He laughed in my face, then turned and plunged into the watching crowd. They shrank back with loud cries of alarm, but he was already in among them, his face changing as he flesh-danced. In the space of a moment, he was someone else, and in all the confusion no-one was able to say who he’d changed into. There was a general rush to the door, to get out of the ballroom. Hadleigh stood his ground, and raised one hand. Bolts of lightning stabbed down out of nowhere, striking again and again inside the ballroom, making a barrier between him and everyone else. The light was blinding, and the air stank of ozone. The rush to the door was over as soon as it had begun. Everyone stood very still, looking nervously around them, trying to spot the danger in their midst; but wherever they looked, only familiar faces looked back. Razor Eddie and Dead Boy forced their way through the crowd to join me. I looked at them both carefully.
“Oh come on,” said Dead Boy. “Who’d look like me if they didn’t have to?”
“Tell me something only you could know,” I said.
“All right,” said Dead Boy. “You’re a dick.”
We both laughed. Razor Eddie looked at me strangely.
“We both loved the X-Men movies,” I explained.
Razor Eddie nodded and produced his pearl-handled straight razor. The steel blade shone supernaturally bright, and everyone felt a sudden strong desire to be somewhere else. I nodded, and Eddie put his razor away again. Some things you can’t fake. We all looked out over the watching crowd.
“How do you want to do this?” Dead Boy said quietly.
“I use my gift,” I said, just as quietly. “He can’t hide from that. I’ll pick him out, and then you two help me slam him to the floor and stamp on his head until we’re sure he can’t concentrate enough to shape-change again.”
“Sounds like a plan to me,” said Razor Eddie.
I raised my gift again. It was getting to be hard work now; the more I used my gift, the more it took out of me. I felt a quick runnel of blood spurt out of one nostril, and a sharp fierce pain filled my forehead. I’d pay for this later; but right now there was work to be done. I forced my way past the pain and concentrated; and immediately a single figure stood out in the crowd. I plunged forward, with Dead Boy and Razor Eddie right behind me, and the crowd scattered before us like startled pigeons. I ignored all the cries of shock and protest, fixed on the figure before me. He didn’t try to run. He stood still and regarded me with a single raised eyebrow.

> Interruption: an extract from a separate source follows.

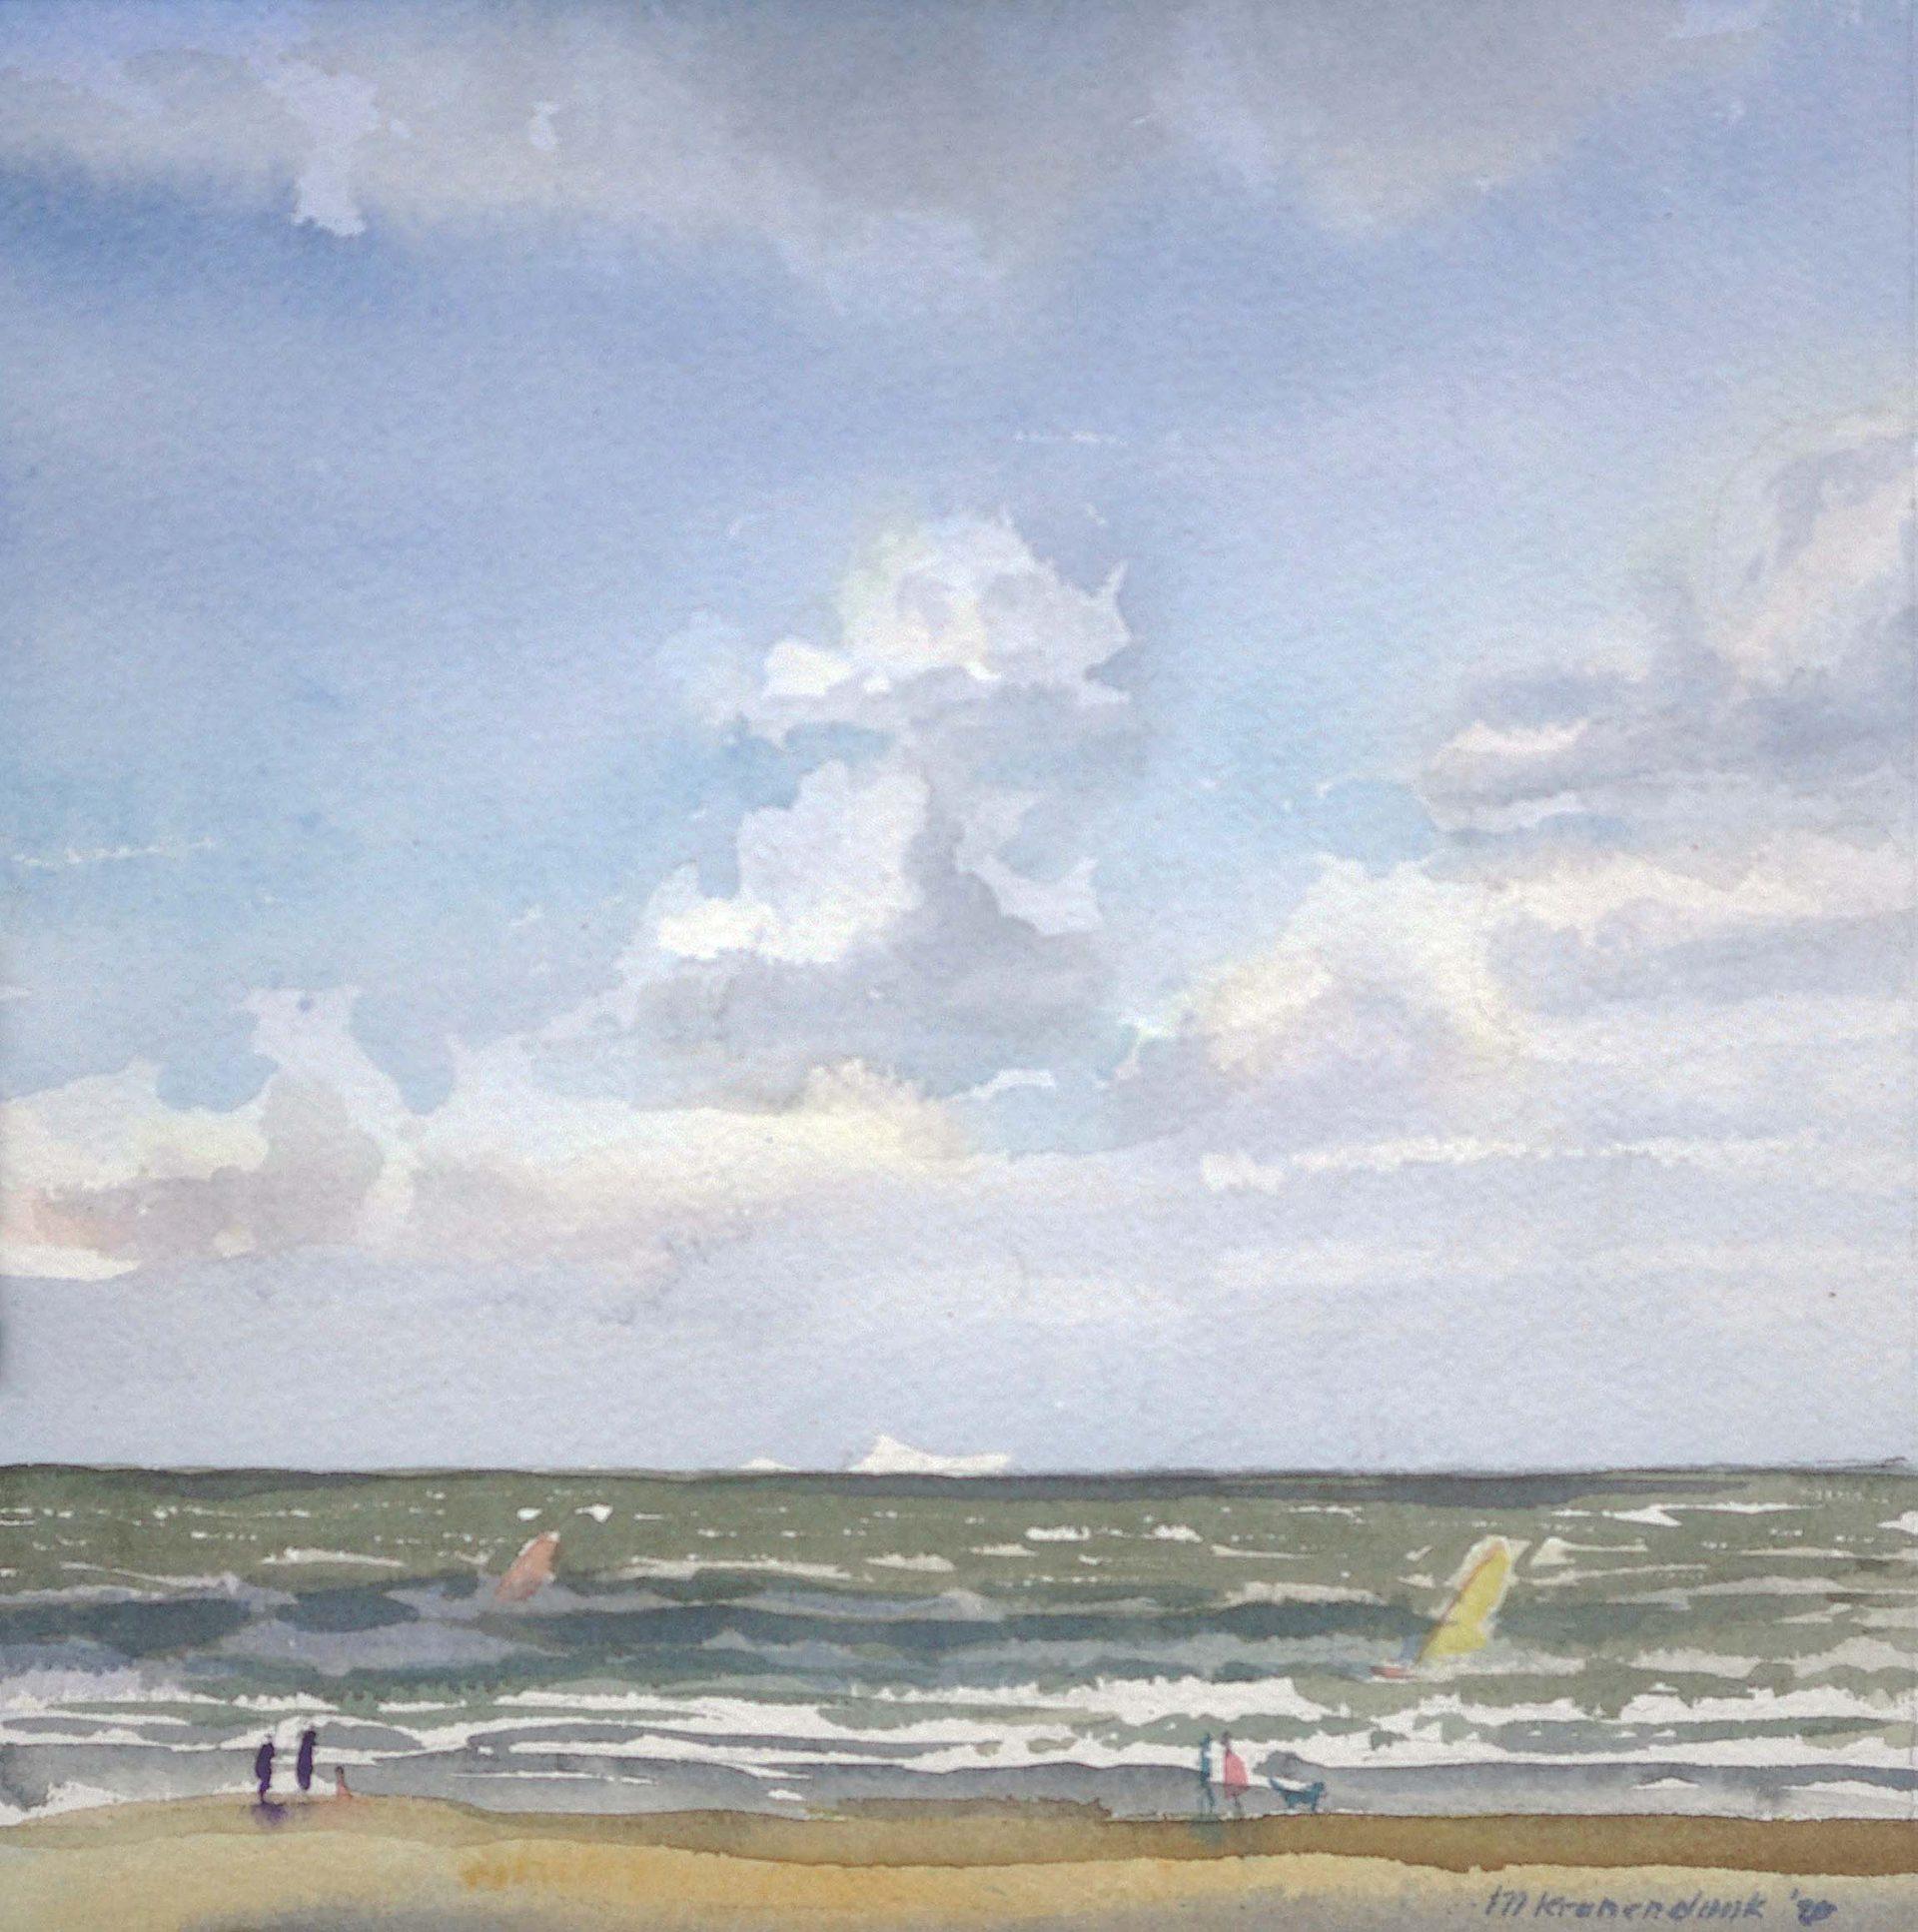 aquarel van zee met koppen en branding en surfers harde wind.Nederlands strandgezicht

“And what do you think you’re doing?” said Hadleigh Oblivion.
“Nice try,” I said. “But Hadleigh’s still at the door, where I told him to be.”
“I was standing at the door,” said Hadleigh, “until Bettie Divine came over and said you needed help, so I came forward. Whoever’s at the door now, that isn’t me.”
I didn’t even look at the door. “Nice try, Rogue,” I said. “But Hadleigh wouldn’t leave his position unless I personally put someone there to relieve him. My gift found you here. And my gift is never wrong.”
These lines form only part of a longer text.